Bruce Schneier: "The unrelenting horizonlessness of the Covid world"

At CNN, Boing Boing pal and security researcher Bruce Schneier and Harvard media professor Nick Couldry write about acedia, "a malady that apparently plagued many Medieval monks. It's a sense of no longer caring about caring, not because one had become apathetic, but because somehow the whole structure of care had become jammed up." According to Schneier and Couldry, the meta-apathy of acedia is one of the strangest and psychologically stressful consequences of the COVID-19 pandemic. From CNN:

The source of our current acedia is not the literal loss of a future; even the most pessimistic scenarios surrounding Covid-19 have our species surviving. The dislocation is more subtle: a disruption in pretty much every future frame of reference on which just going on in the present relies.

Moving around is what we do as creatures, and for that we need horizons.
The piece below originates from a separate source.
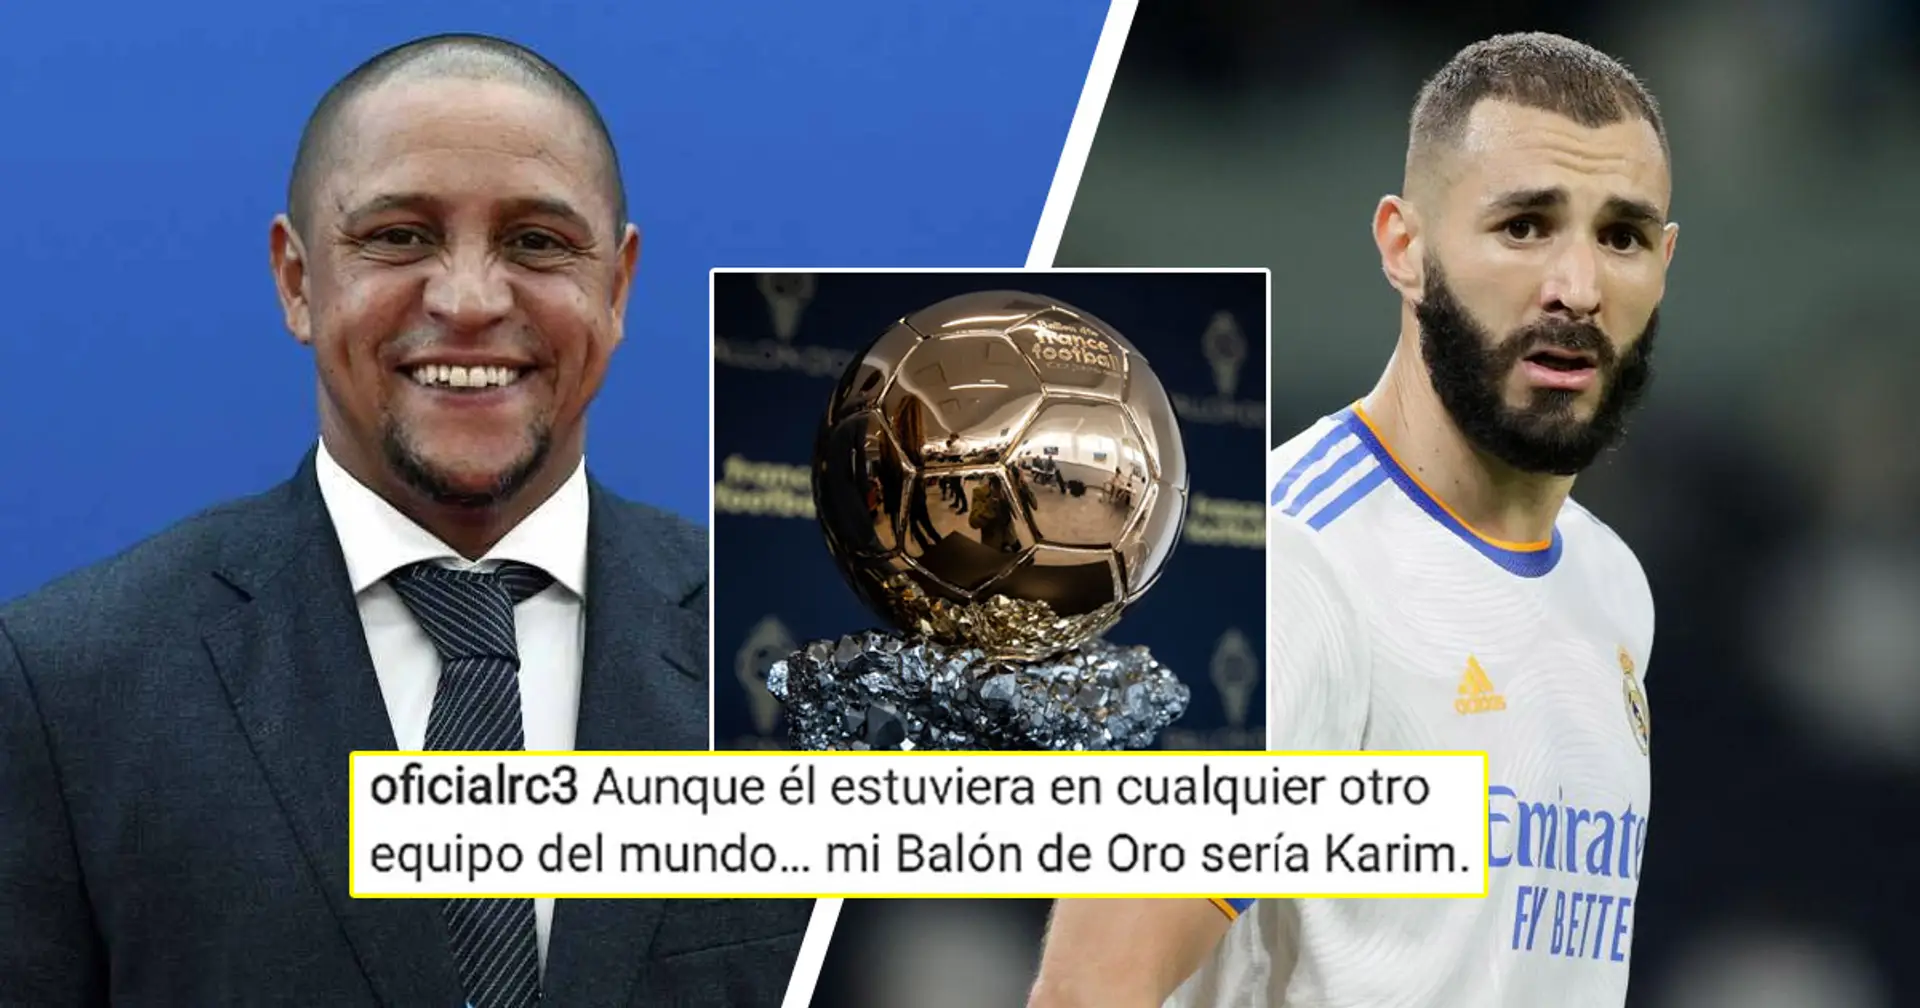 "Le best of the best": Roberto Carlos soutient Benzema dans la course au Ballon d'Or

Covid has erased many of the spatial and temporal horizons we rely on, even if we don't notice them very often. We don't know how the economy will look, how social life will go on, how our home routines will be changed, how work will be organized, how universities or the arts or local commerce will survive.

What unsettles us is not only fear of change. It's that, if we can no longer trust in the future, many things become irrelevant, retrospectively pointless. And by that we mean from the perspective of a future whose basic shape we can no longer take for granted. This fundamentally disrupts how we weigh the value of what we are doing right now. It becomes especially hard under these conditions to hold on to the value in activities that, by their very nature, are future-directed, such as education or institution-building.